Eye of Judgement: Dissecting the Evaluation of Russian-speaking LLMs with POLLUX
Nikita Martynov, Anastasia Mordasheva, Dmitriy Gorbetskiy, Danil Astafurov, Ulyana Isaeva, Elina Basyrova, Sergey Skachkov, Victoria Berestova, Nikolay Ivanov, Valeriia Zanina, Alena Fenogenova
TL;DR
POLLUX delivers an open-source framework for evaluating Russian-language LLMs through a granular, criteria-driven approach. It combines a 35-task Generative Taxonomy with 66 criteria (13 core, plus domain- and task-specific extensions) and expert-annotated prompts to enable interpretable assessment, complemented by LLM-as-a-Judge evaluators (7B and 32B) trained to mimic expert judgments. Across Zero-Shot and Human Dev settings, POLLUX-32B shows strong alignment with human evaluators (up to ~0.73 Spearman), supporting scalable side-by-side evaluation and reducing reliance on costly human comparisons.

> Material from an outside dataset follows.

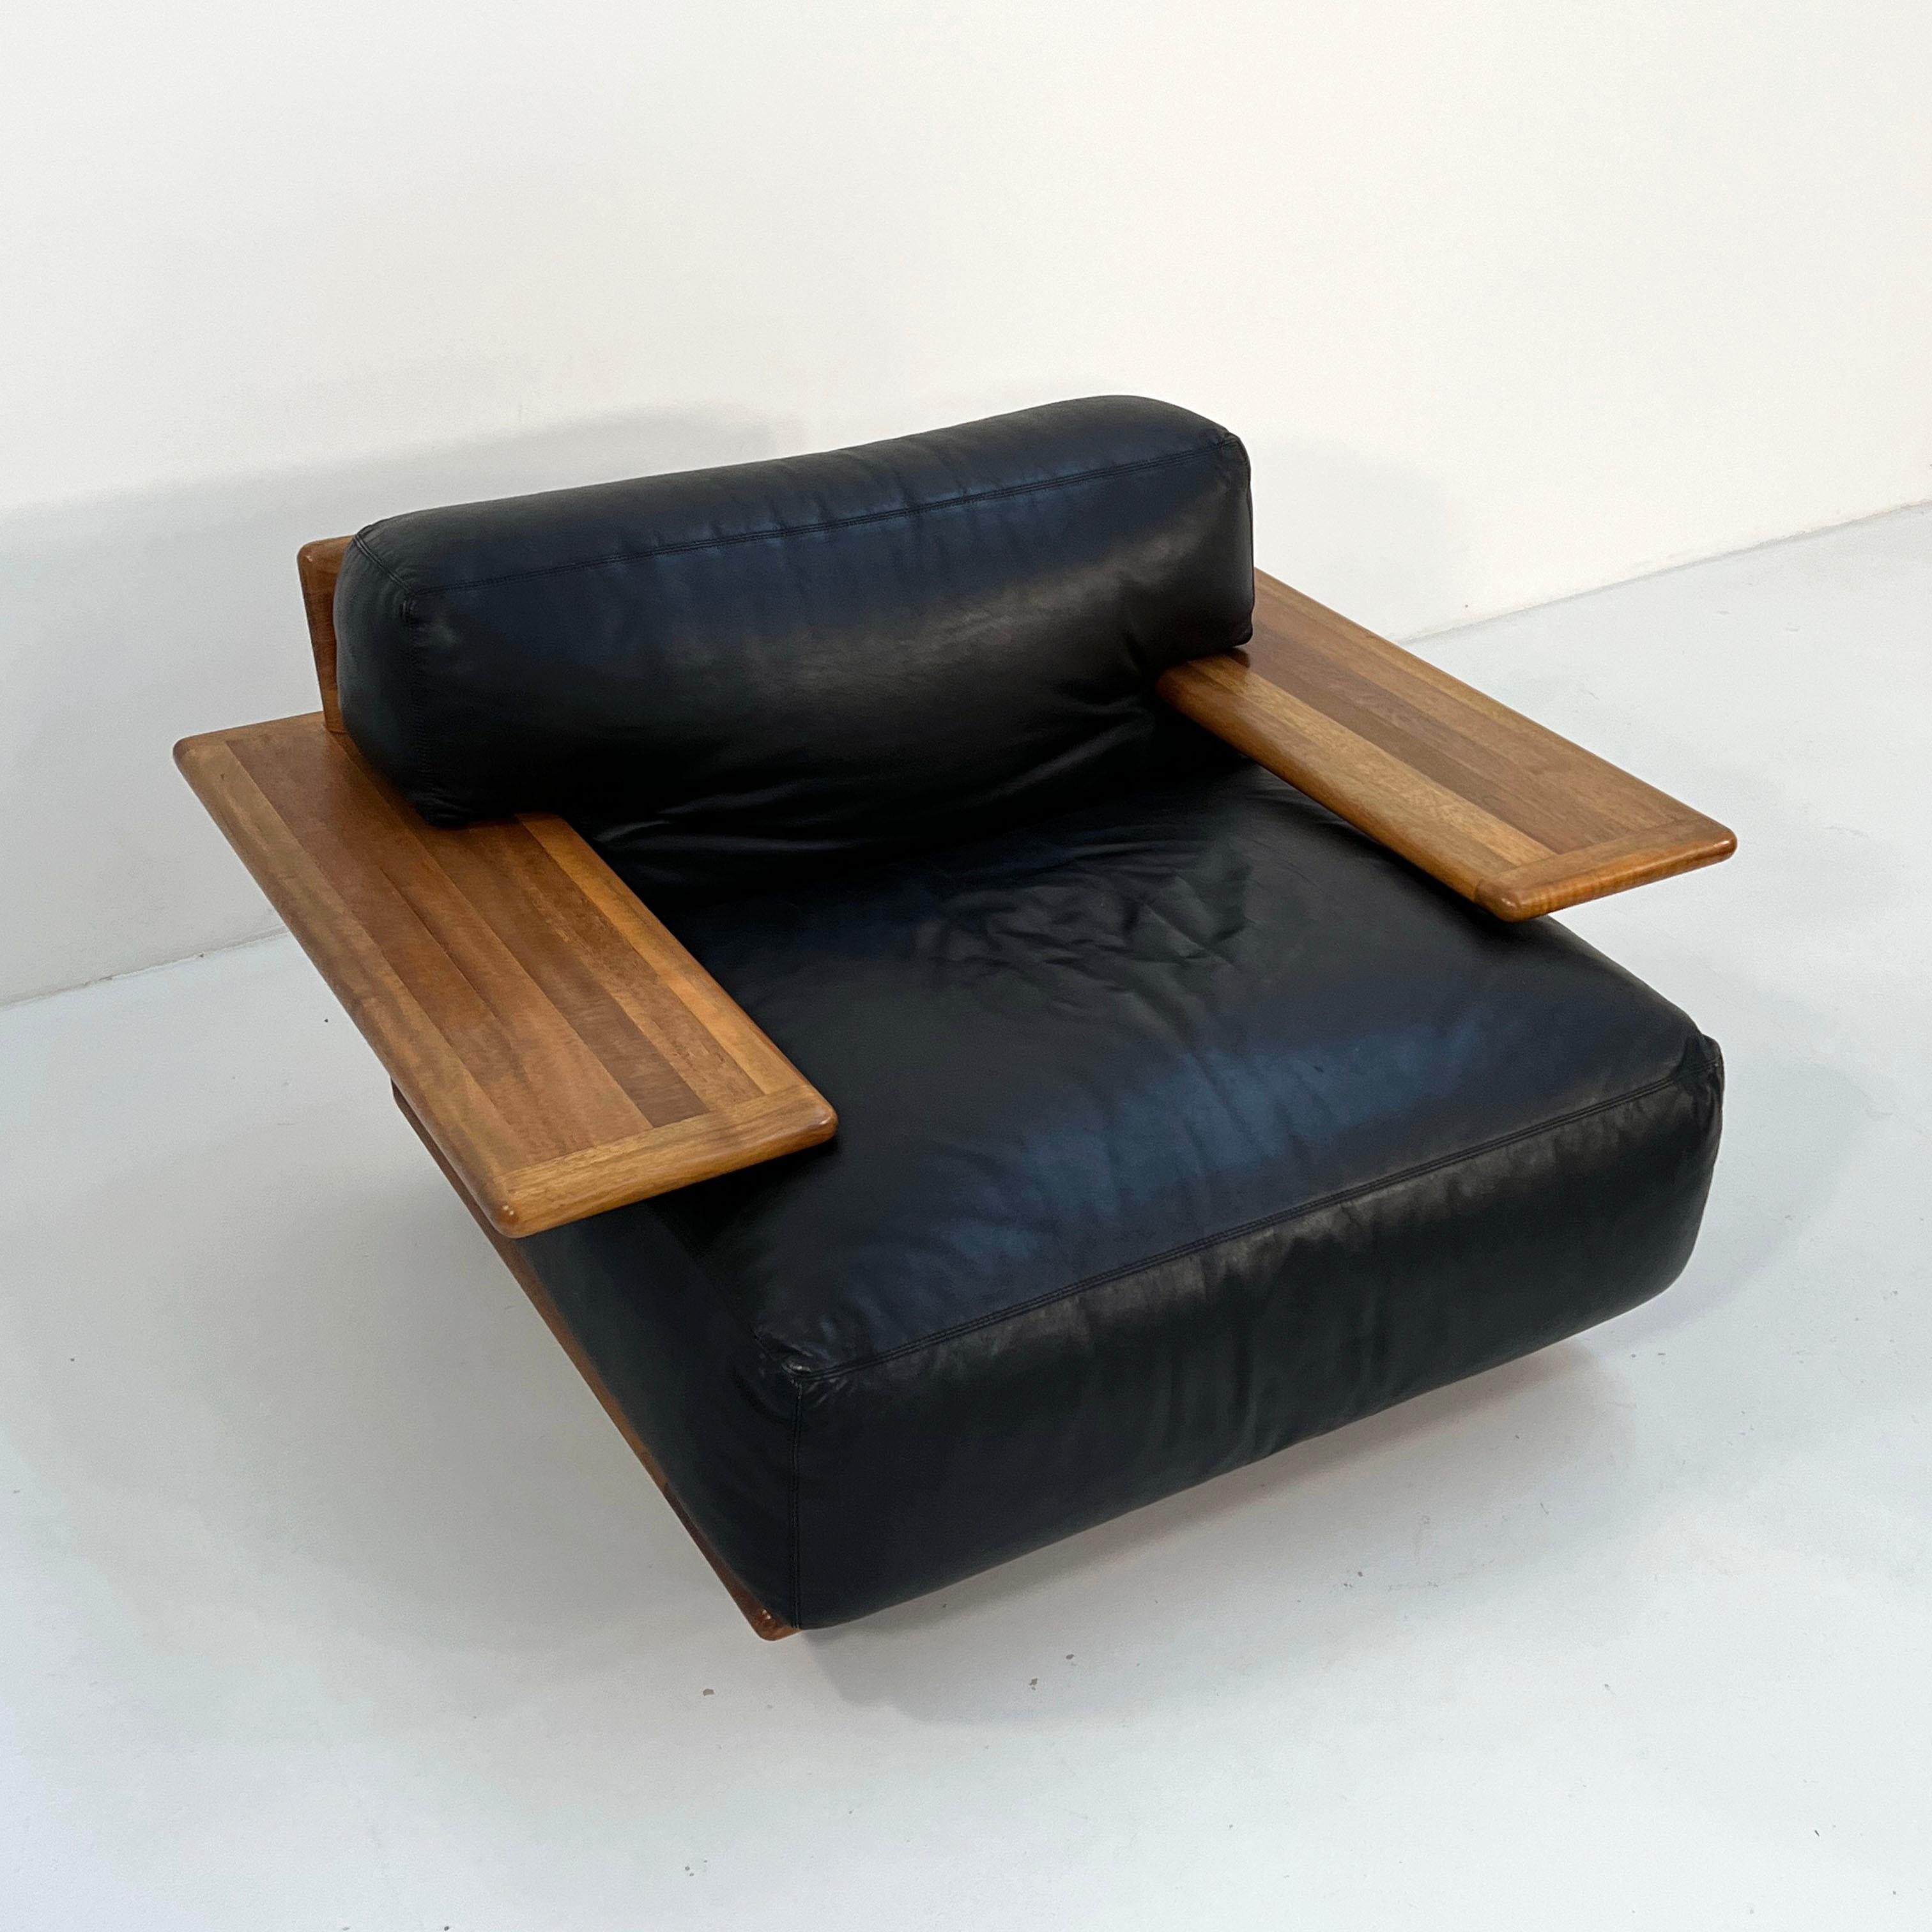 Pianura Armchair in Black Leather by Mario Bellini for Cassina, 1970s For Sale 3

The work also discusses data generation, cultural specificity for Russian, and environmental considerations, and it provides open access to benchmarks, prompts, and judge models to advance research in language-generation evaluation.
Abstract
We introduce POLLUX, a comprehensive open-source benchmark designed to evaluate the generative capabilities of large language models (LLMs) in Russian. Our main contribution is a novel evaluation methodology that enhances the interpretability of LLM assessment. For each task type, we define a set of detailed criteria and develop a scoring protocol where models evaluate responses and provide justifications for their ratings. This enables transparent, criteria-driven evaluation beyond traditional resource-consuming, side-by-side human comparisons. POLLUX includes a detailed, fine-grained taxonomy of 35 task types covering diverse generative domains such as code generation, creative writing, and practical assistant use cases, totaling 2,100 manually crafted and professionally authored prompts. Each task is categorized by difficulty (easy/medium/hard), with experts constructing the dataset entirely from scratch. We also release a family of LLM-as-a-Judge (7B and 32B) evaluators trained for nuanced assessment of generative outputs. This approach provides scalable, interpretable evaluation and annotation tools for model development, effectively replacing costly and less precise human judgments.